**Collected data:**
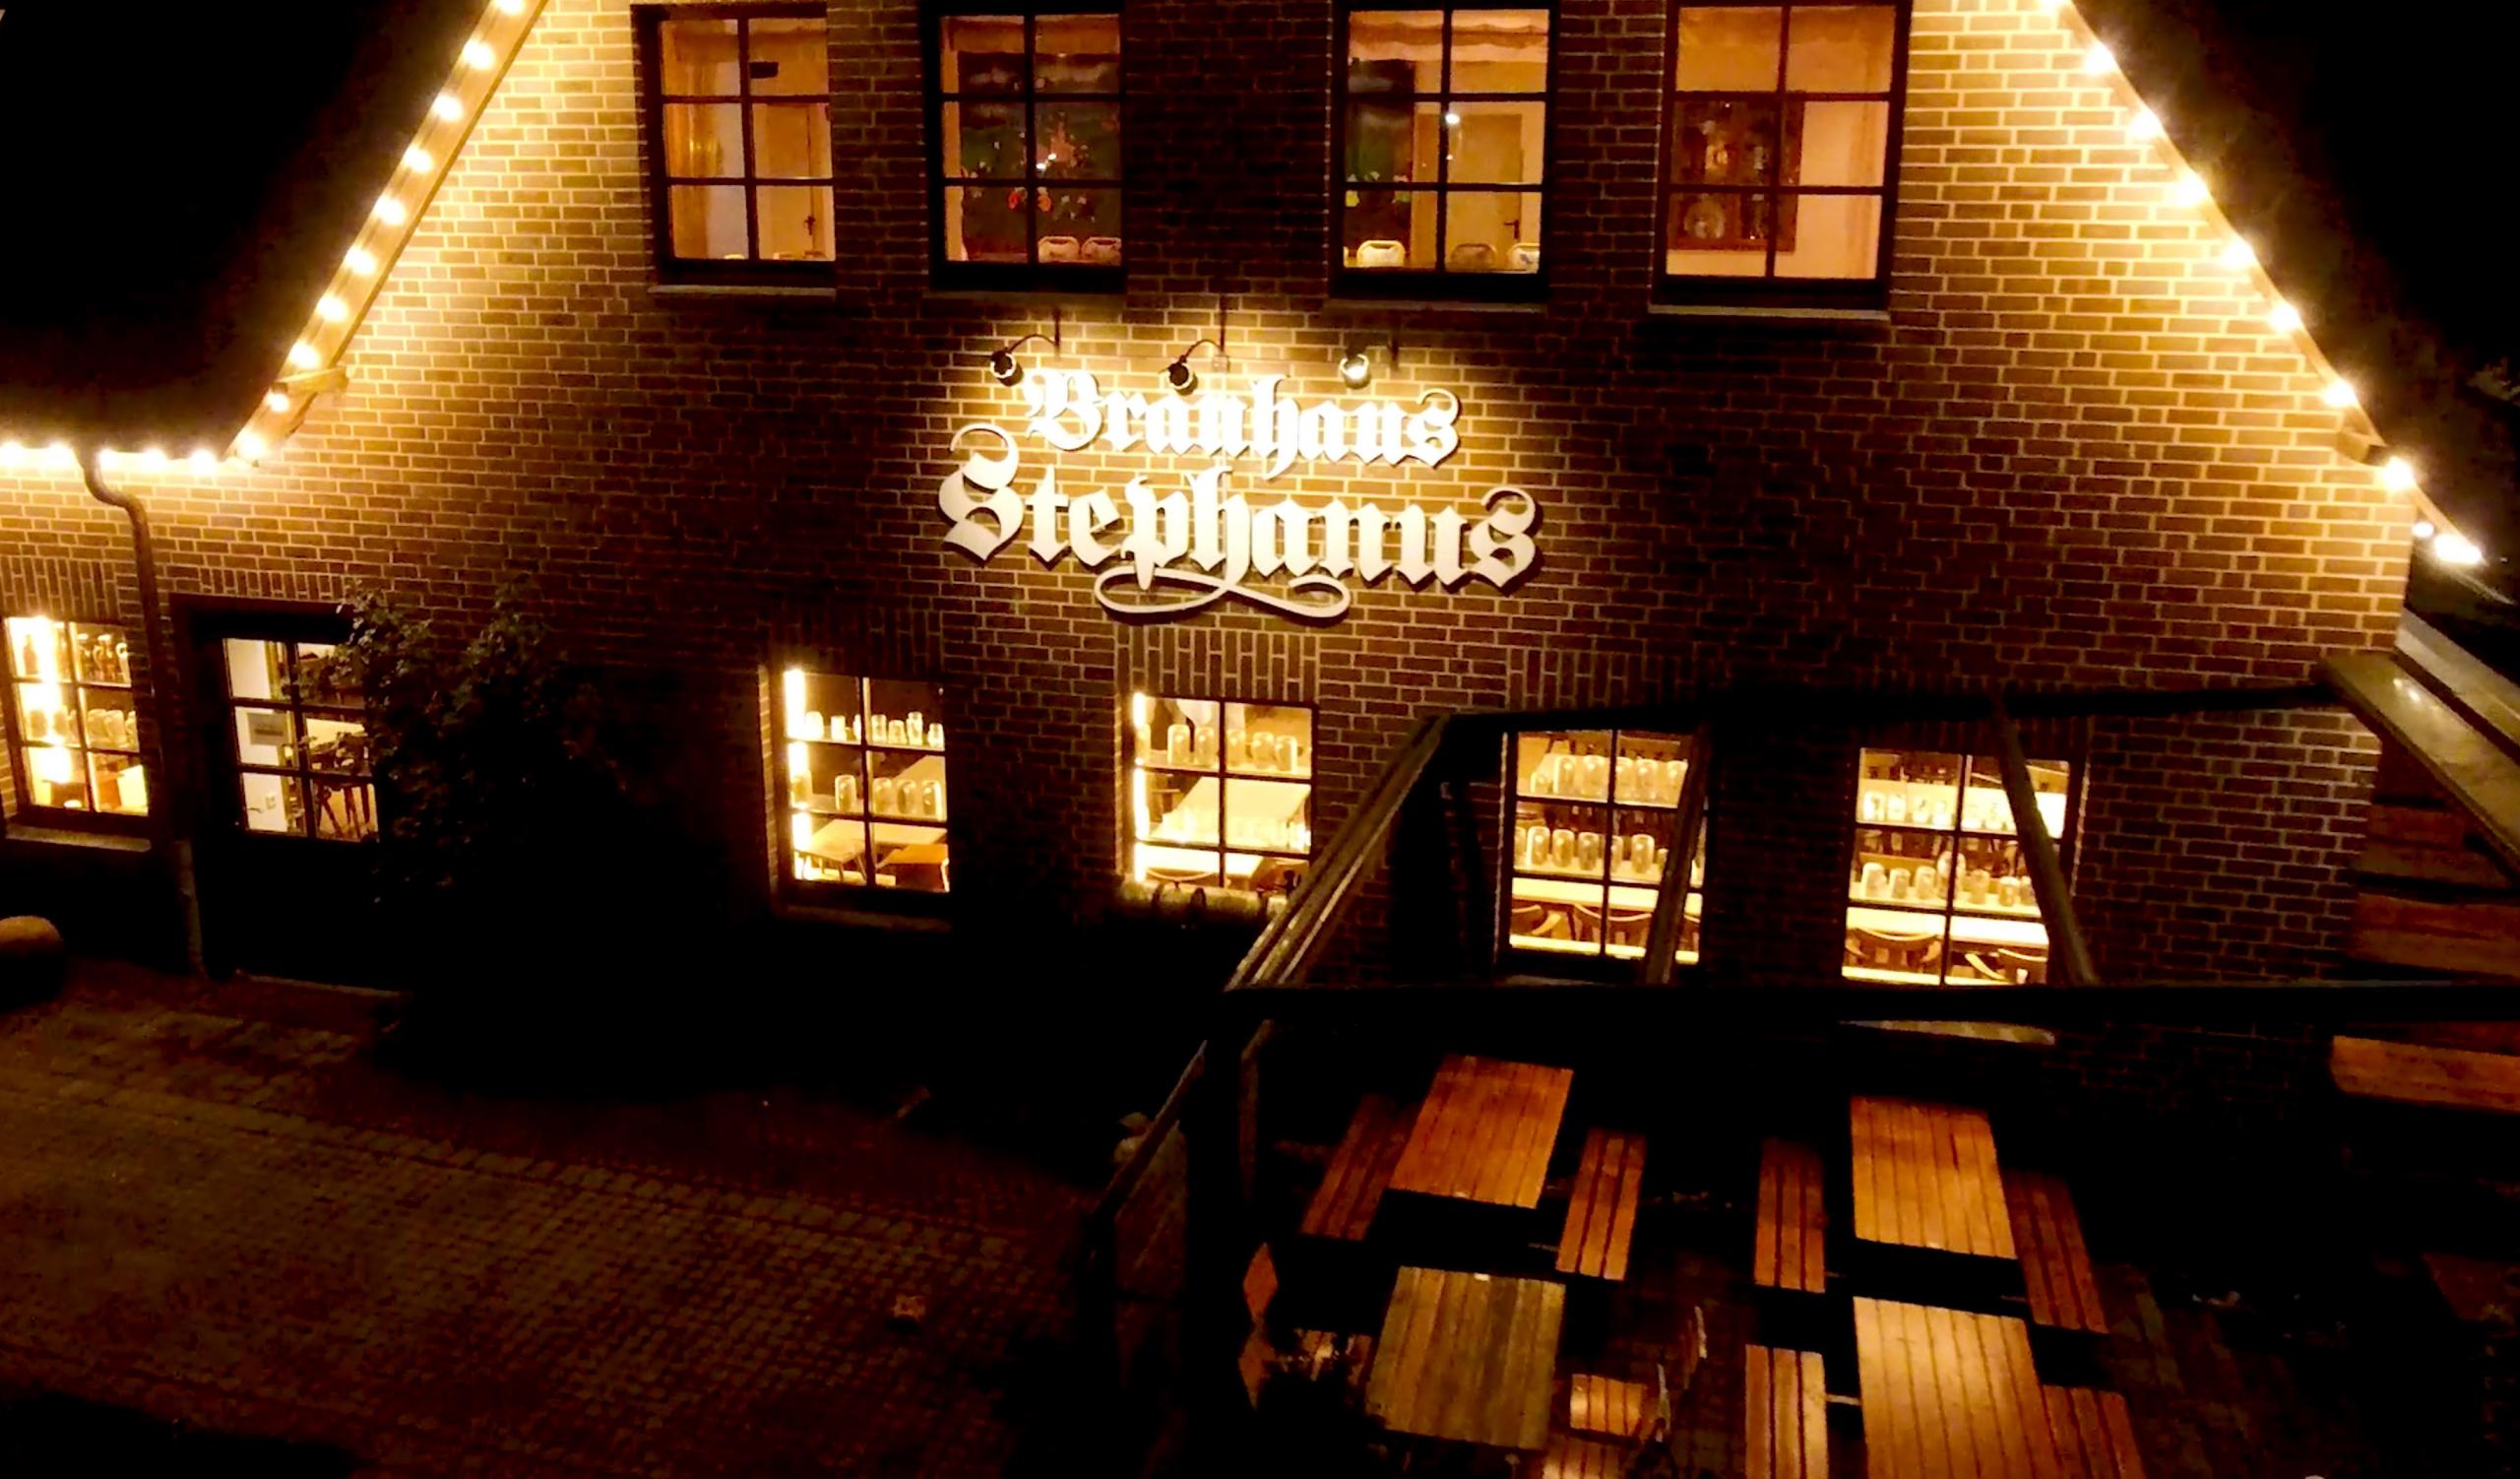 Brauhaus Stephanus Das Singende Und Tanzende Brauhaus In Coesfeld
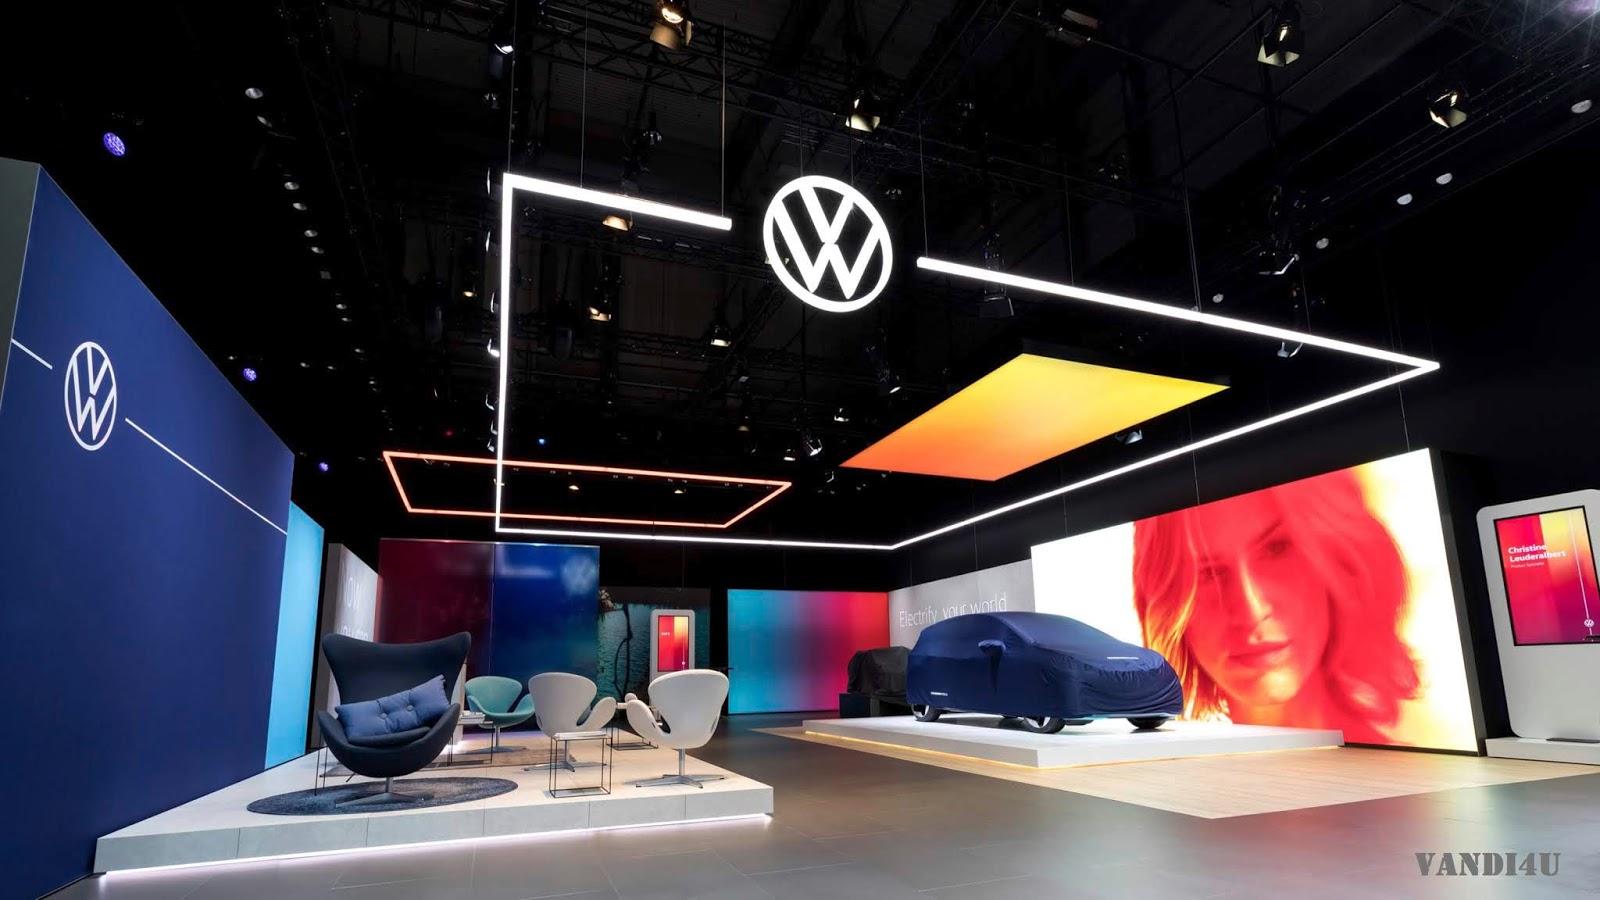 Volkswagen Unveils New Brand Logo And Design   VANDI4U
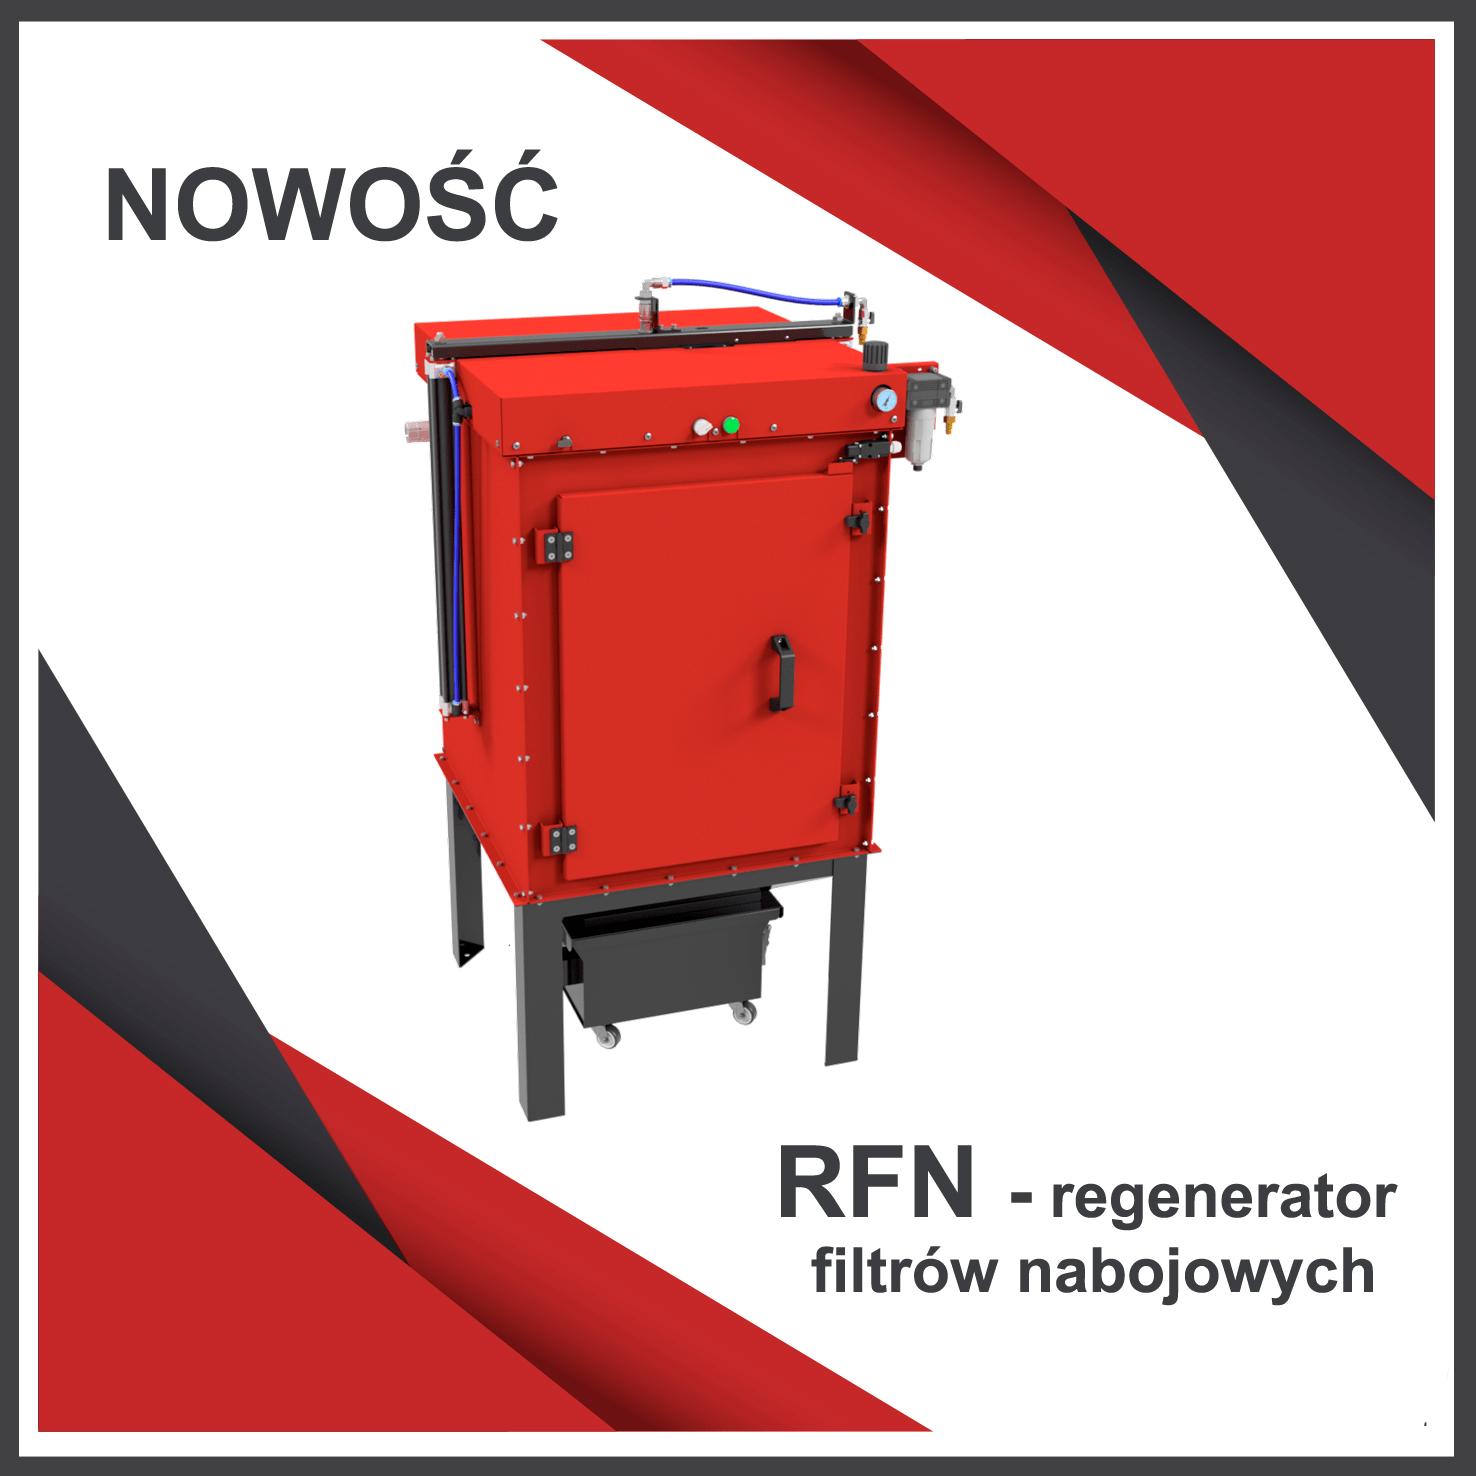 Nowość regenerator filtrów nabojowych

**Exercise aim:** Transcribe the data word for word, with no images.

**Answer space:**
 Brauhaus Stephanus Das Singende Und Tanzende Brauhaus In Coesfeld
 Volkswagen Unveils New Brand Logo And Design   VANDI4U
 Nowość regenerator filtrów nabojowych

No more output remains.